三氧化二砷對於骨骼肌細胞的增生、分化及再生之影響

Abstract

砷是在環境中發現的毒性類金屬物質，主要以無機和有機的形式存在於自然界。人類暴露到無機砷的主要來源是飲水中的高濃度砷和工業污染。在水源中，砷主要是以無機的形式存在。根據之前的研究發現，當母親飲水中含較高砷濃度會增加新生兒低體重的發生率。骨骼肌母細胞增生和分化在胚胎之肌肉發育及成體的肌肉新生和維持中扮演重要的角色。但到目前為止，無機砷對於肌肉生長和分化的影響尚未被探討。因此，我們假設砷導致新生兒低體重可能是經由影響肌肉的生長或分化所造成的。 本研究分為兩個部份，第一部分探討砷對於骨骼肌母細胞增生和毒性的影響。根據實驗結果，我們發現處理3和10 μM三氧化二砷 (arsenic trioxide)24小時後，小鼠肌母細胞株C2C12存活率會顯著下降；而處理0.25-1 μM三氧化二砷72小時後，細胞增生也顯著降低。由BrdU實驗發現，0.5和1 μM 三氧化二砷能夠顯著抑制C2C12細胞株DNA的合成，且細胞核中PCNA蛋白表現也明顯下降。利用流式細胞儀分析細胞週期的實驗結果指出，三氧化二砷會讓細胞週期停滯在G1和G2/M。在觀察調控細胞週期的蛋白中結果發現，cyclin D1、cyclin B1、CDK2和CDK4會顯著降低。此外，處理C2C12肌母細胞3和10 μM 三氧化二砷24小時後，會顯著增加細胞凋亡 (apoptosis)以及PARP和caspase-3蛋白。流式細胞儀分析結果顯示，三氧化二砷會增加C2C12細胞活性氧化物 (reactive oxygen species; ROS)的產生。使用抗氧化劑NAC會顯著降低三氧化二砷所造成的活性氧化物和細胞凋亡。本部份證明了無機砷在肌母細胞生長中扮演負向的角色，其主要機制是為在低濃度主要經由抑制細胞週期而抑制增生；在高濃度則經由ROS所引起細胞凋亡。 在第二部份研究中，我們也進一步探討砷對於肌母細胞的分化 (myogenic differentiation)和對動物體肌肉再生之影響。在體外實驗，我們採用C2C12細胞株以及人類和小鼠初代培養的肌母細胞，經過處理分化培養液並同時加入三氧化二砷四天後，評估肌肉分化指標蛋白: myogenin和myosin heavy chain以及多核肌管 (multinucleated myotube)的形成。
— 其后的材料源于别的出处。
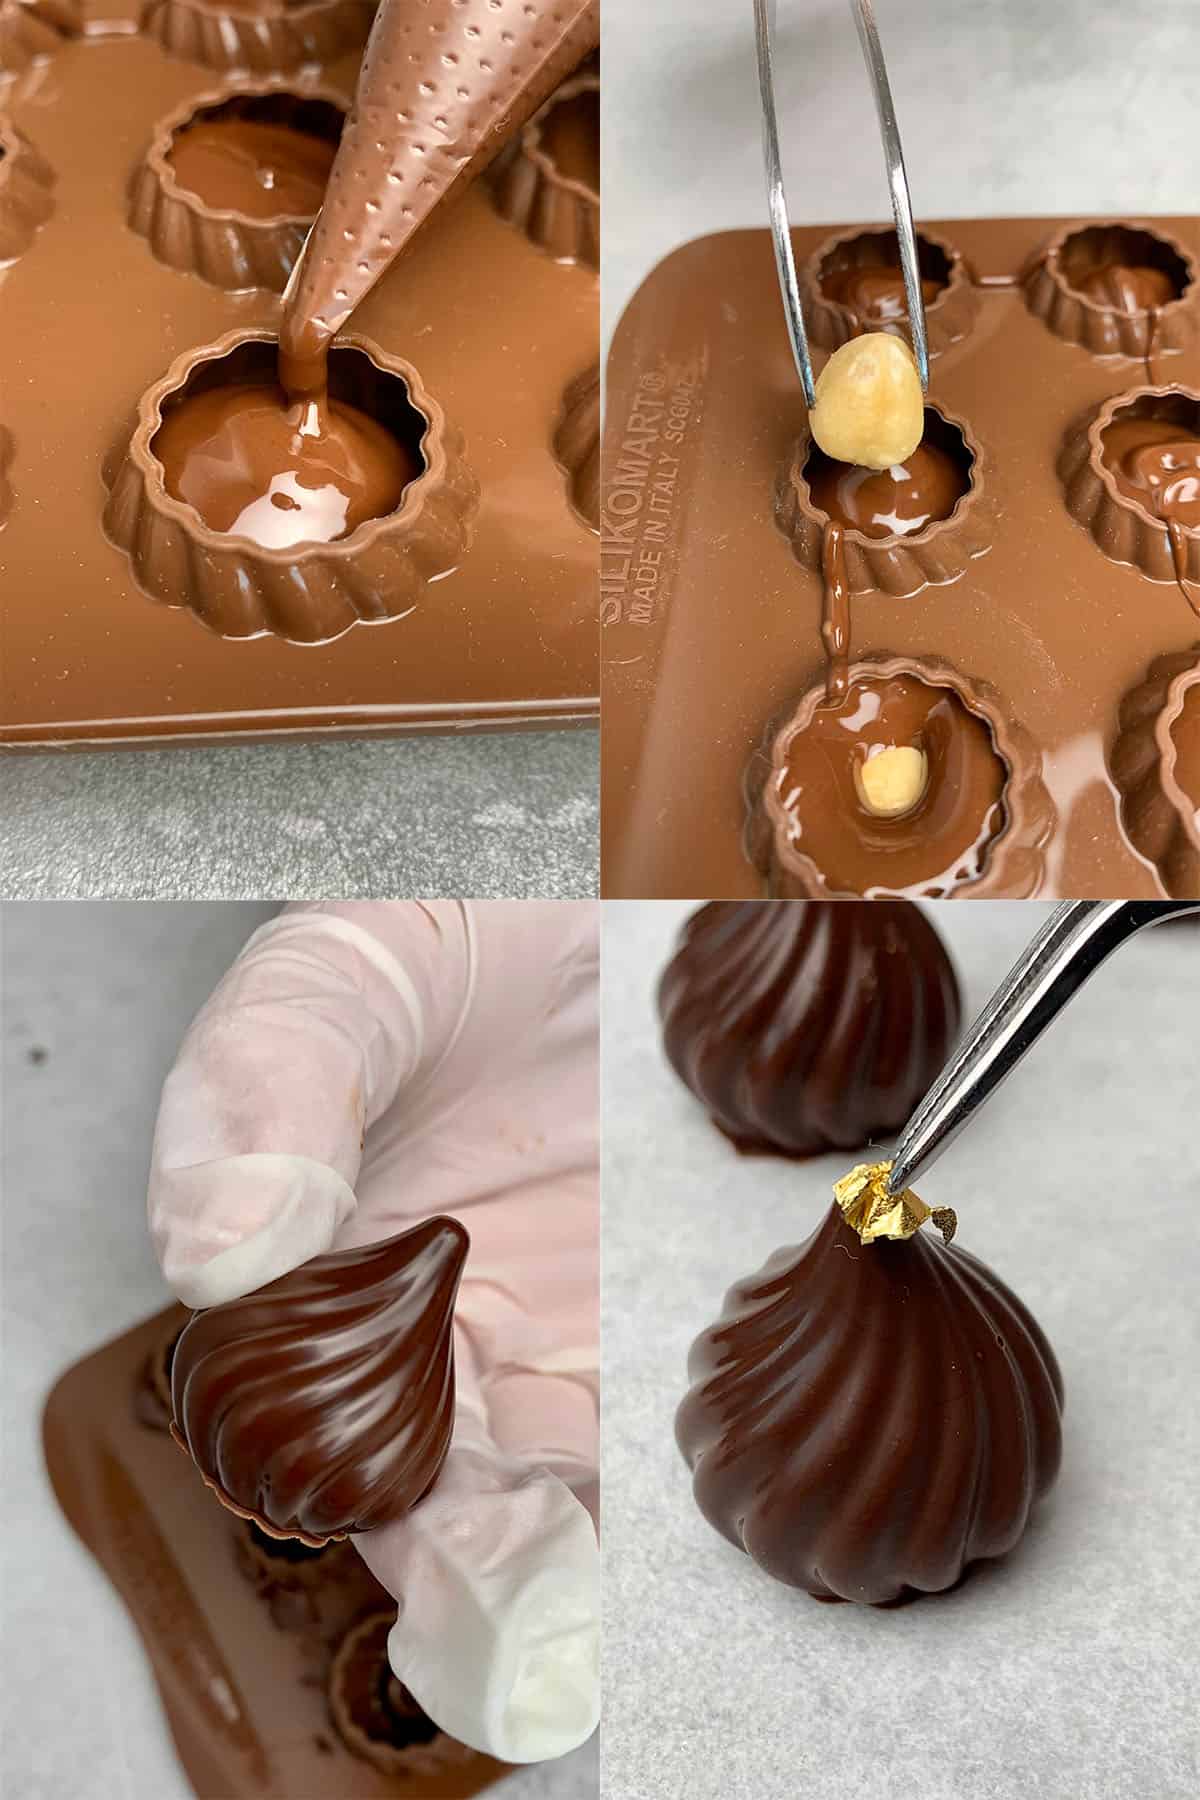 Chocolate bonbon assembly.
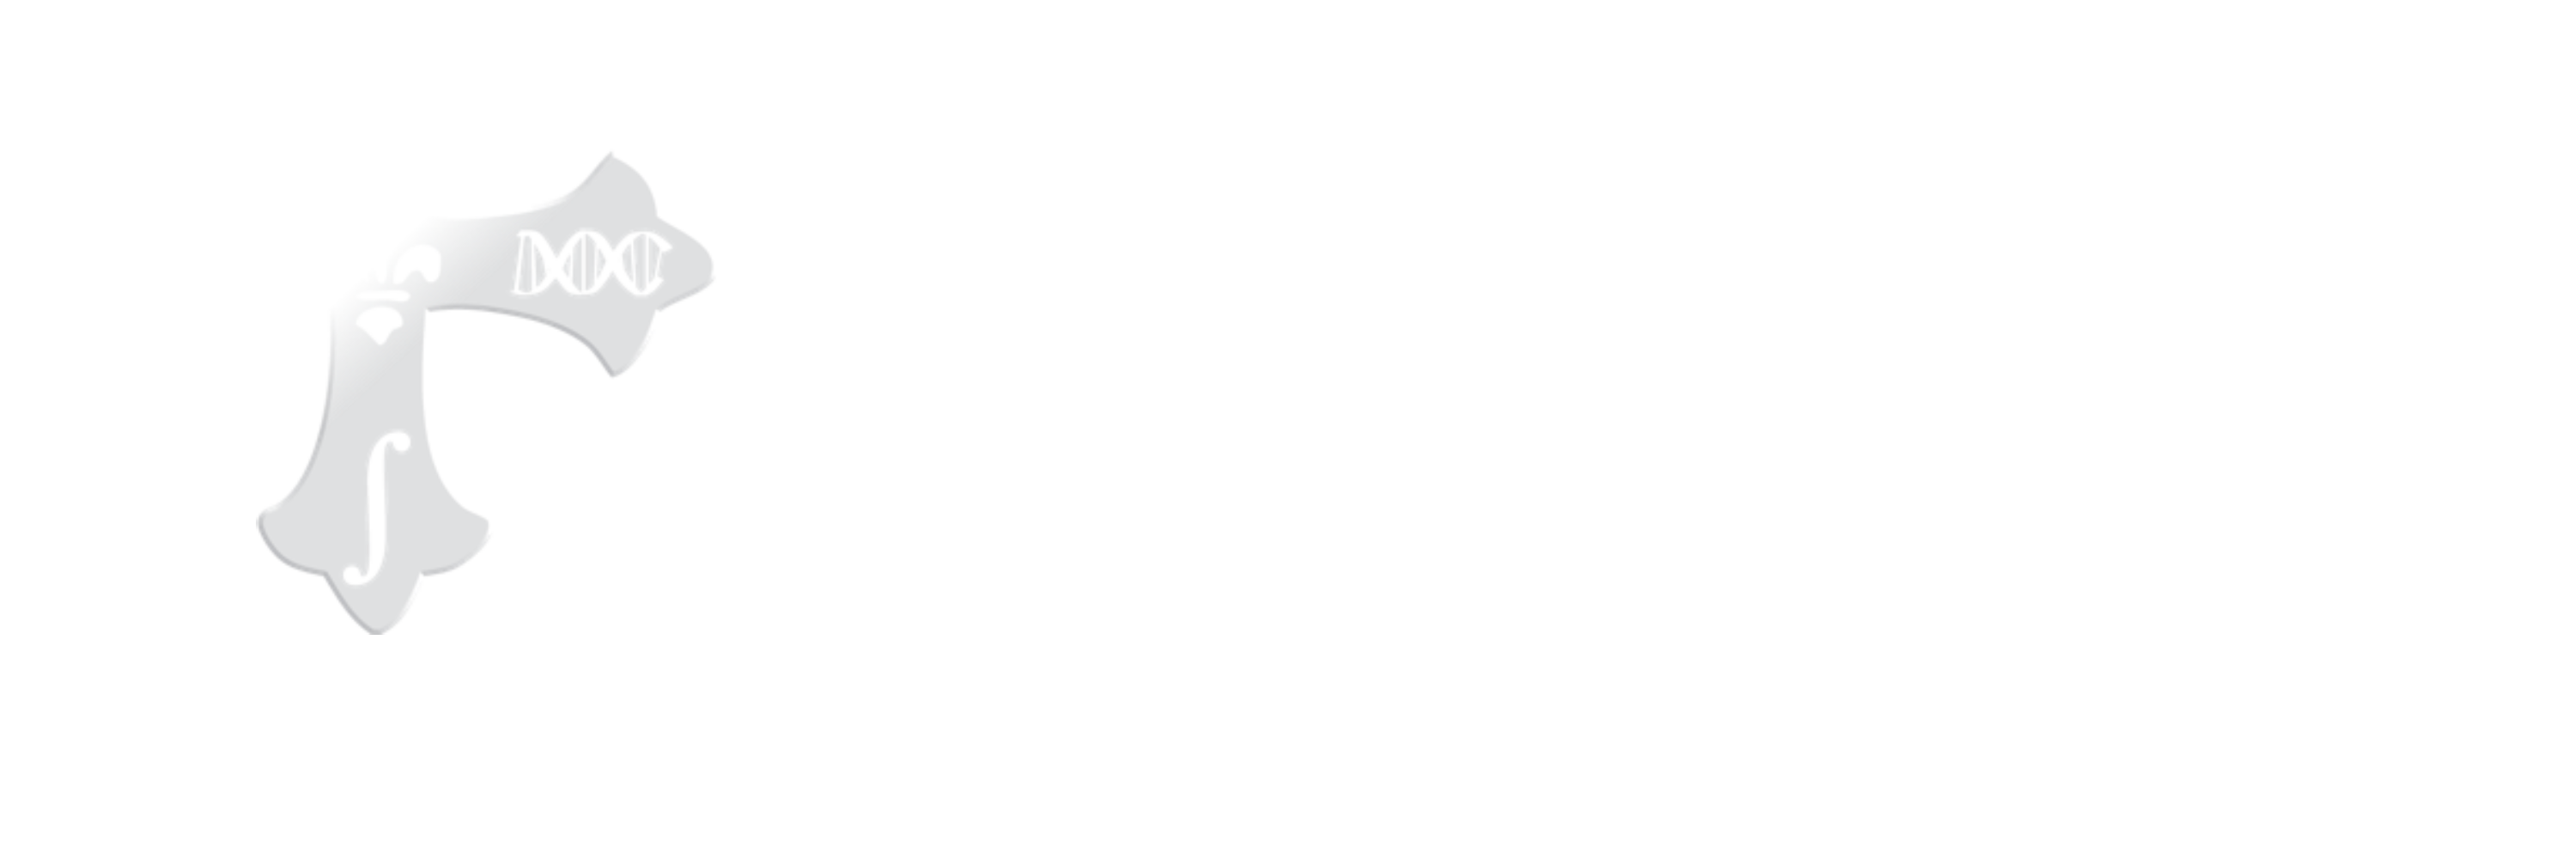 The Huttenhower Lab

在動物實驗，我們使用甘油造成小鼠肌肉壞死-新生模式來觀察砷對於骨骼肌新生的影響。根據實驗結果發現，低於毫莫爾濃度 (submicromolar)的三氧化二砷可抑制肌母細胞的分化，且具有劑量效應關係。在分化過程中，三氧化二砷顯著的抑制Akt和p70s6k蛋白磷酸化，並也存在著劑量效應關係。我們轉殖持續活化的Akt (constitutively active form of Akt )到C2C12細胞，三氧化二砷抑制肌肉分化的蛋白和肌管的形成可以被逆轉。在動物實驗方面，ICR小鼠局部注射甘油後，由肌肉的切片觀察到典型的肌肉傷害和再生反應。在給予小鼠飲水砷的組別，再生的肌肉中myogenin的表現和Akt的磷酸化被顯著抑制。因此我們的結果證明三氧化二砷抑制肌肉的分化主要是經由抑制Akt相關的訊息傳遞所導致。 綜合這些結果猜測三氧化二砷能夠抑制骨骼肌細胞增生、分化和延遲肌肉再生。此外，我們的結果提供新的証據顯示: 三氧化二砷可能影響肌肉新生並且指出發育中的肌肉對於砷的污染是相當敏感的。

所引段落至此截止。